Dysregulated and uncontrolled systemic inflammation is the most probable cause of liver injury in COVID-19 patients. Although disease itself is usually mild, a minority of patients present with severe clinical features. In the background of severe COVID-19 cases lie a systemic inflammatory response syndrome (SIRS), an uncontrolled cytokine “storm” that is caused by unregulated activation of both natural and cellular immunity. It causes multiple organ injuries and failures including the liver [12]. It appears that IL-6 is one of the key factors in the onset and progression of cytokine storm in COVID-19 patients. Therefore, tocilizumab, IL-6 monoclonal antibody has been approved for treatment of severe COVID-19 episodes. This cytokine is also a link between COVID-19 and dysregulated metabolic conditions including NAFLD/MAFLD. A population-based, observational cohort of 6814 people without previously known cardiovascular disease (CVD) showed that IL-6 was significantly more prevalent in NAFLD patients, and that it was the only biomarker that could predict subclinical CVD determined by non-contrast cardiac CT [28].
How NAFLD could contribute to liver injury in COVID-19 patients or any other severe form of systemic inflammation is not completely understood. However, it might be related to impaired innate immunity to the virus. Recently published research showed that obesity, undoubtedly related to NAFLD, promotes the shift of inflammation-suppressing M2 macrophages to pro-inflammatory M1 macrophages. This unique polarization of macrophages is caused by fatty acids which leads to ectopic lipid accumulation and local and systemic chronic low-grade inflammation [29]. This metabolic and immunological dysregulation could exacerbate SARS-CoV-2 infection leading to more severe COVID-19 disease.
Ischemia-reperfusion injury during respiratory failure or sepsis is mostly complementary with previously mentioned dysregulated and uncontrolled immune system. In case of severe COVID-19 presentation when systemic inflammatory response syndrome (SIRS) occurs, uncontrolled release of proinflammatory cytokines causes vasodilatation of peripheral vessels which lead to low blood pressure and generalized tissue hypoxia. If acute respiratory distress syndrome (ARDS) occurs simultaneously, it leads to poor blood oxygenation that aggravates liver ischemia alongside already poor blood supply. Under shock and hypoxia, reactive oxygen species (ROS) increase which leads to enhanced peroxidation of lipids, DNA and proteins. These peroxidation products and ROS itself activate hepatic stellate cells to produce extracellular matrix and innate liver immune cells that produce proinflammatory cytokines leading to further liver damage [30,31].

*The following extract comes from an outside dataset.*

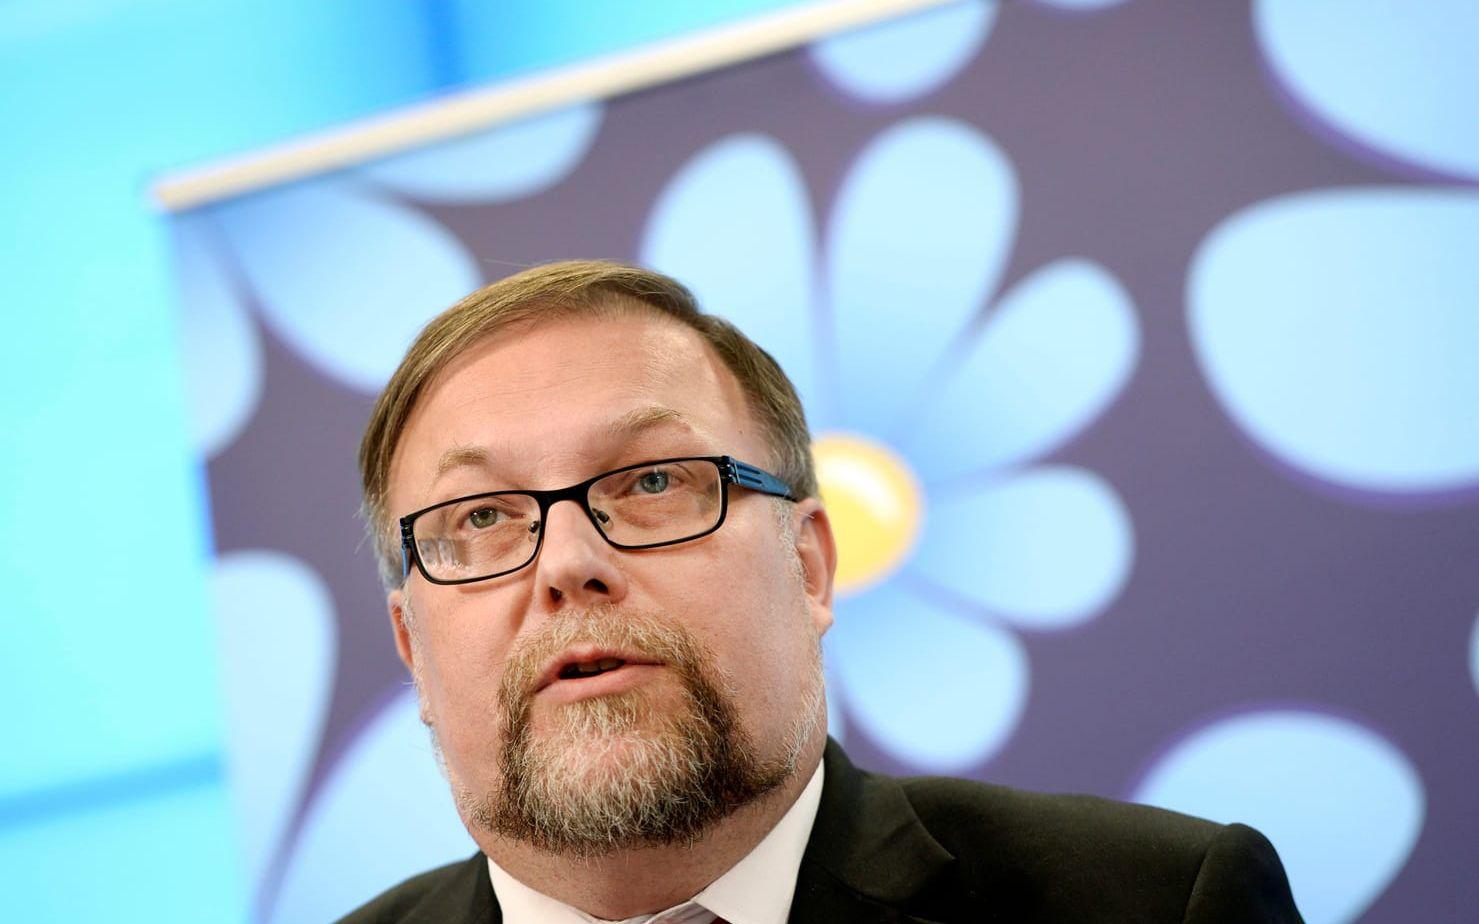 En som sällade sig till kritikerna var Sverigedemokraternas förre partiledare Mikael Jansson, som våren 2017 valde att utmana Jörgen Fogelklou (SD) om ordförandeposten.

Bild:TT

Drug induced liver injury (DILI) can sometimes occur in COVID-19 patients. In cases of severe episodes, patients are being treated with large number of different medications, treating both COVID-19 and underlying (possibly worsening) comorbidities. Interaction between lot of different medications could be hepatotoxic. Antipyretic drugs, such as acetaminophen, in large doses can be hepatotoxic, especially in patients with a pre-existing liver disorder. Moreover, even though targeted antiviral agents for SARS-COV 2 have not yet been introduced, several antiviral or monoclonal antibodies have been used, including remdesivir, lopinavir/ritonavir, oseltamivir or tocilizumab that can potentially be hepatotoxic in some patients. Other drugs such as corticosteroids, carbapenems, azithromycin, hydroxychloroquine, fluconazole or ketoconazole and propofol can also cause liver injury. Several authors hypothesize that presence of underlying metabolic disorders and NAFLD/MAFLD in COVID-19 patients can precipitate DILI. Hypotheses are being based on assumptions that pre-existing metabolic liver disorders can exaggerate hepatotoxicity of drugs due to impaired activity of metabolizing enzymes, oxidative stress, mitochondrial dysfunction and altered lipid homeostasis. On the other hand, some xenobiotics might lead to worsening of NAFLD, meaning triggering transition of fatty liver to nonalcoholic steatohepatitis (NASH) and thereby inducing necroinflammation and consequently fibrosis and rapid development of liver cirrhosis [32,33].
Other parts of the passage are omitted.